Farms are essential businesses, and farmworkers who produce our food are among those on the front lines of the pandemic. Yet most stimulus funds administered through the Small Business Administration are not applicable to small farmers. In addition to learning how to get food to customers in new ways and reinventing their business models overnight, farmers are also having to continually troubleshoot health and sanitation.
Nate Drummond of Six River Farm notes that he and his wife, Gabrielle, have been up until past midnight every night going over and over processes and contingencies: How can we better spread out people and tasks across the farm? What do we do if an employee’s spouse has symptoms?
They are currently working on organizing their farm crew into smaller groups within a group, so that certain people only come into contact with other people on a regular basis.
That way, “If someone does get sick, we’re not in a situation, like, that person has literally been in contact with everybody on the farm,” says Drummond. “What would you do — shut it all down for a week? Do you have everyone do isolated work for a week? It’s a logistical challenge.” One plus side of the crisis though, for him, has been the community. “Local farms have built these levels of connections that are really important to people and to us, too.”
One of the key ingredients to the success of Maine’s food system is community. Bo Dennis, of the Maine Organic Farmers and Gardeners Association, believes that the reason Maine farmers are adapting so quickly is because of their social networks.

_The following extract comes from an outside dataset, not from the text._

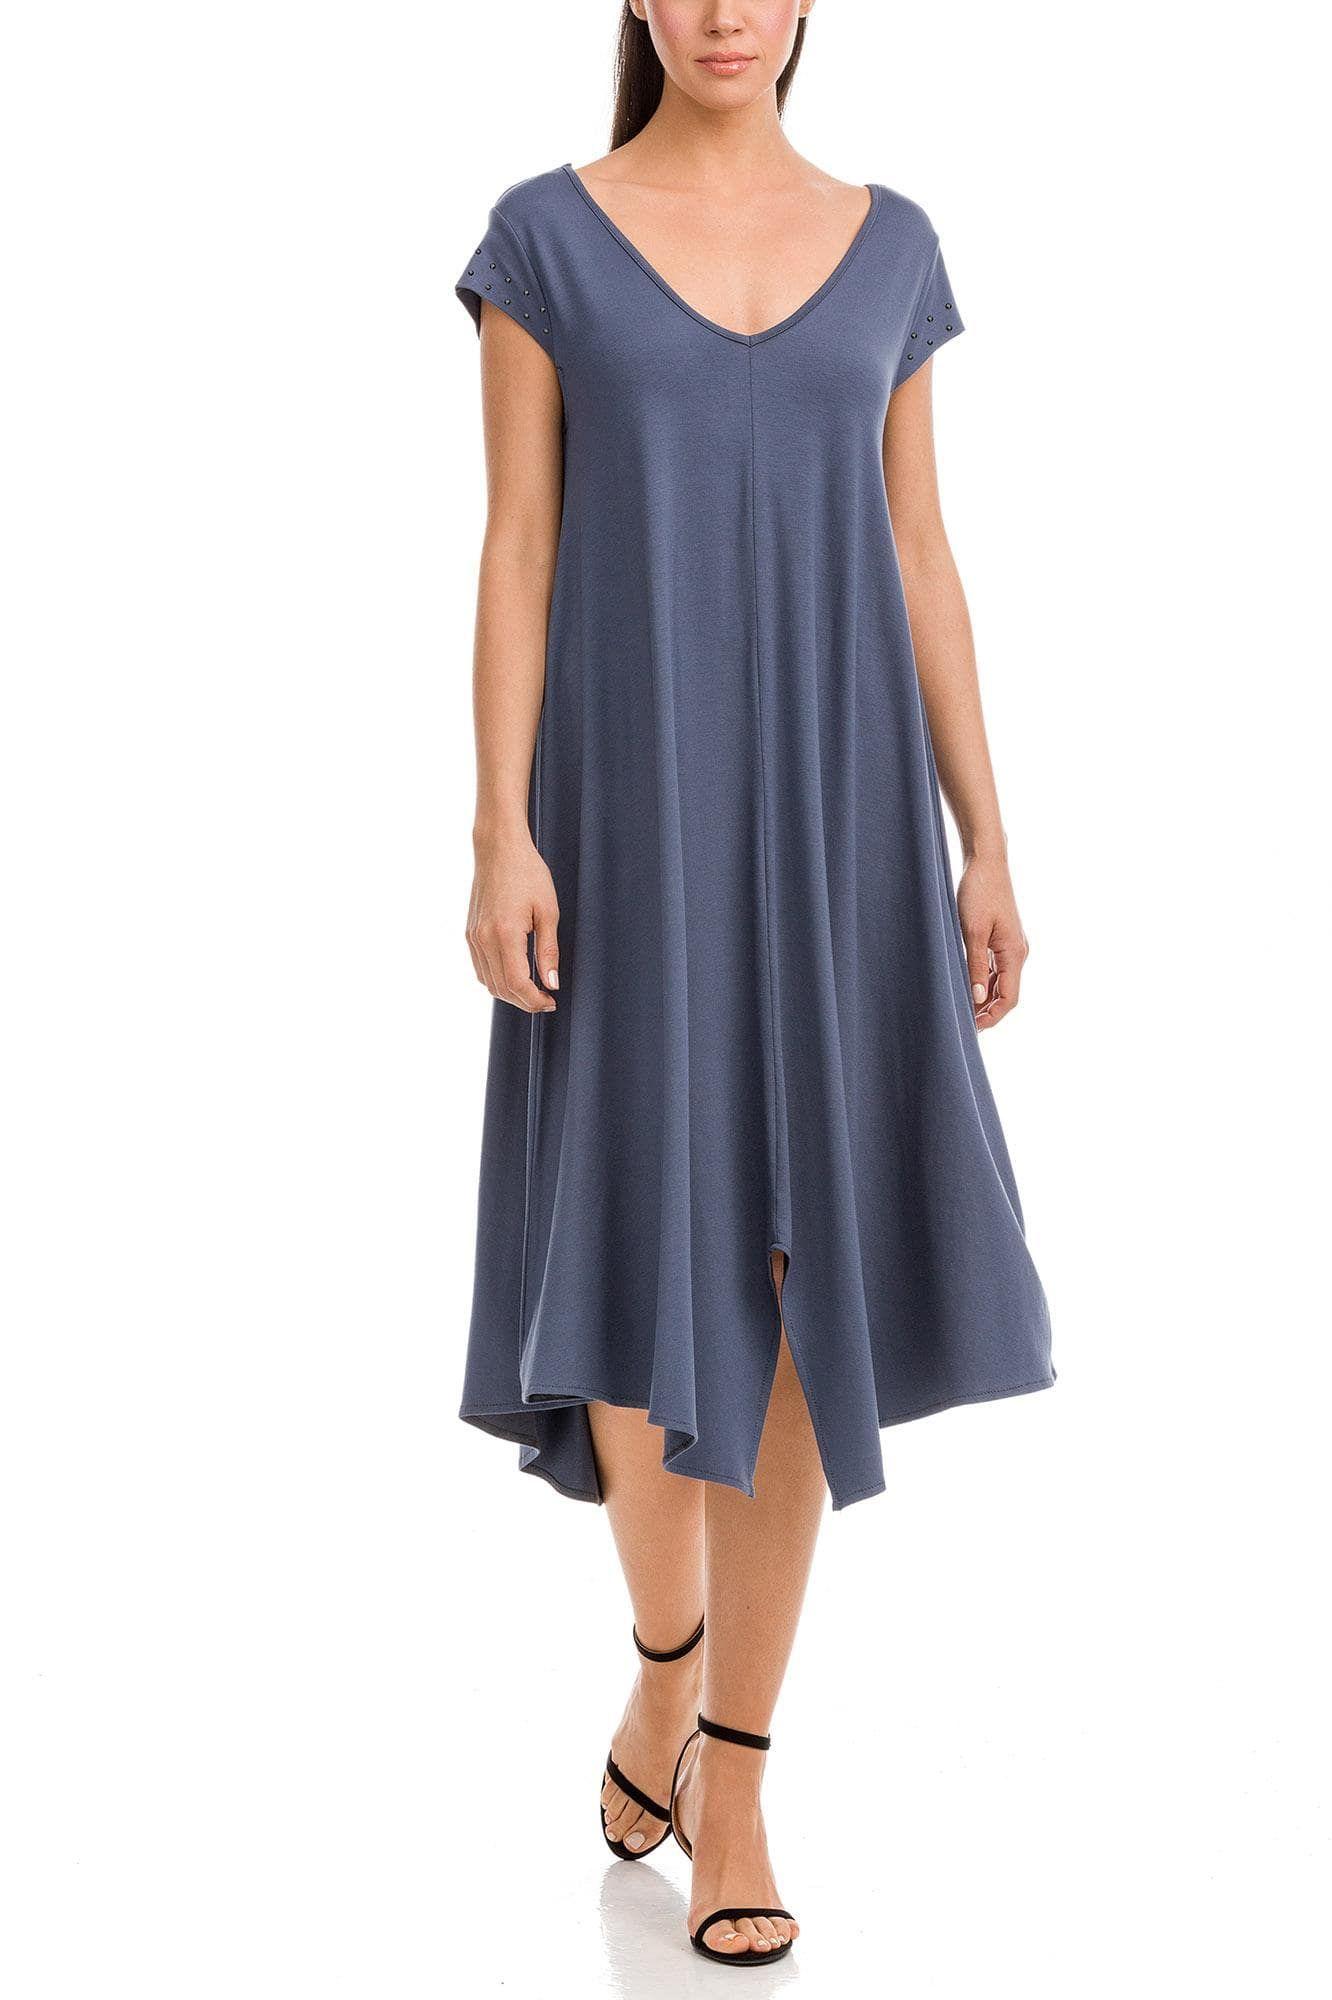 Φόρεμα Μονόχρωμο Ασύμμετρο
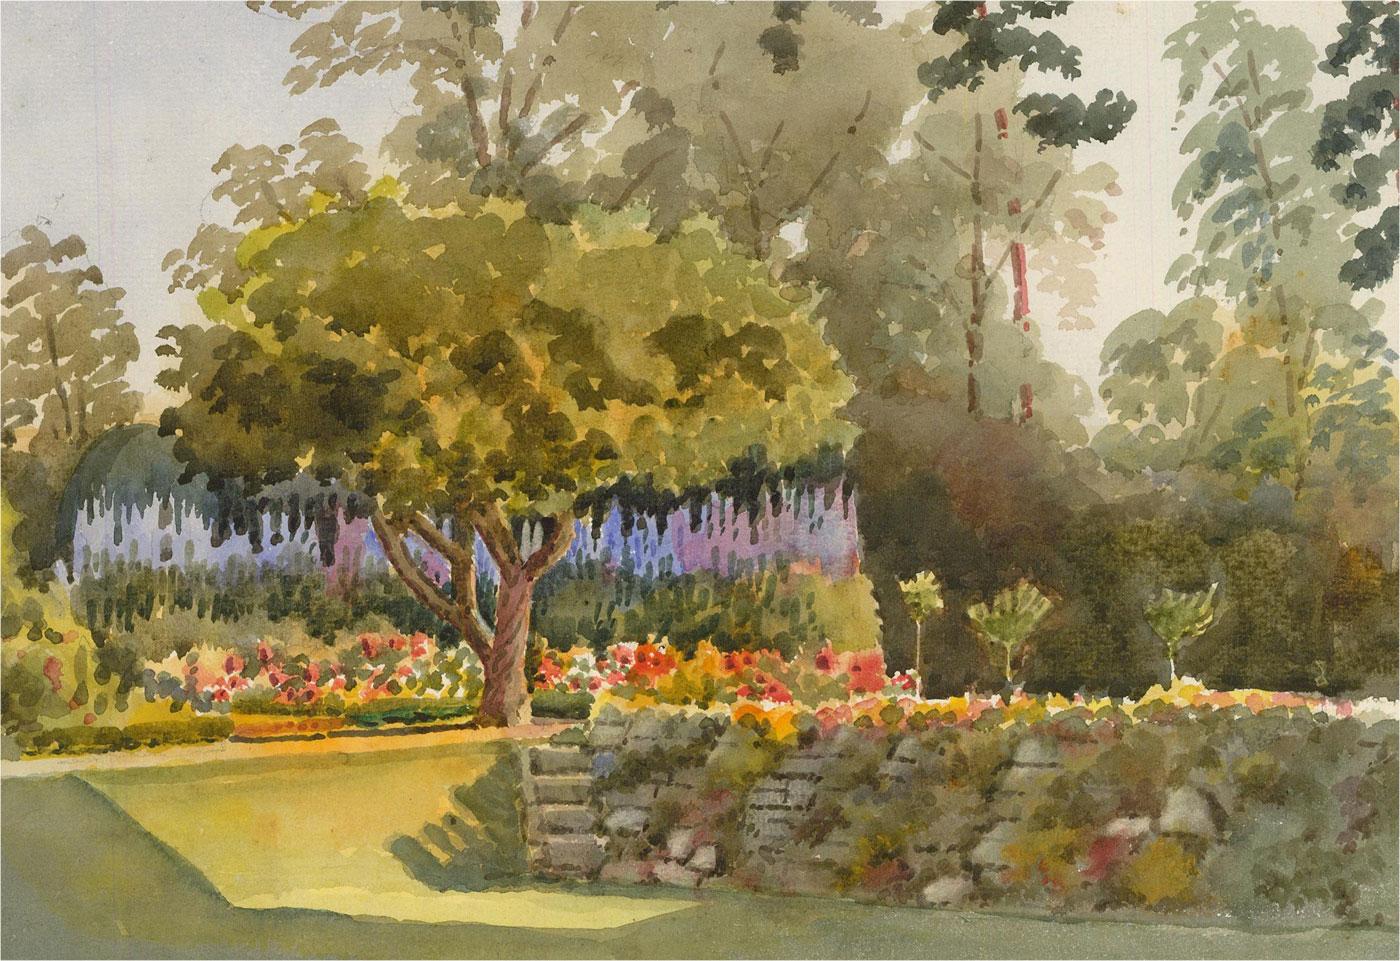 Raymond Turner Barker (1872-1945) - Watercolour, Sunlit Garden

“There’s a resiliency built into the social systems of Maine farms. We want to help each other in these hard times. We want to provide information to each other and to support the local food system. People are well-connected with each other, and there’s a camaraderie and spirit that comes with that.”
Maine farms are tightly networked, connected with each other and their broader communities through social ties. They are also small and highly diverse. These features — small- and medium-size farms, growing a diverse array of crops — are critical to Maine’s food system. But it is the community ties that are revealed in a crisis.
Dennis explains, “We’ve seen throughout the state, groups of farmers coming together to figure out how to support their community. That social connection leads to fast adaptability and resiliency, which arguably is more sustainable as we go into these unknown times.”
“Maine’s people are rallying around its farmers and producers because they understand not only how important our local farmers are, but how critical it is to support their businesses,” says Amanda Beal, Maine’s commissioner of agriculture, conservation, and forestry.
As COVID-19 reveals the risks of relying on global supply chains, perhaps this is an opportunity to look anew at local food systems. “In Maine, we have been working deliberately for decades to build a vibrant local food system,” Beal says, “and that work benefits us now, as our farmers are playing an important role in making sure that people can access the food they need in a time of crisis.”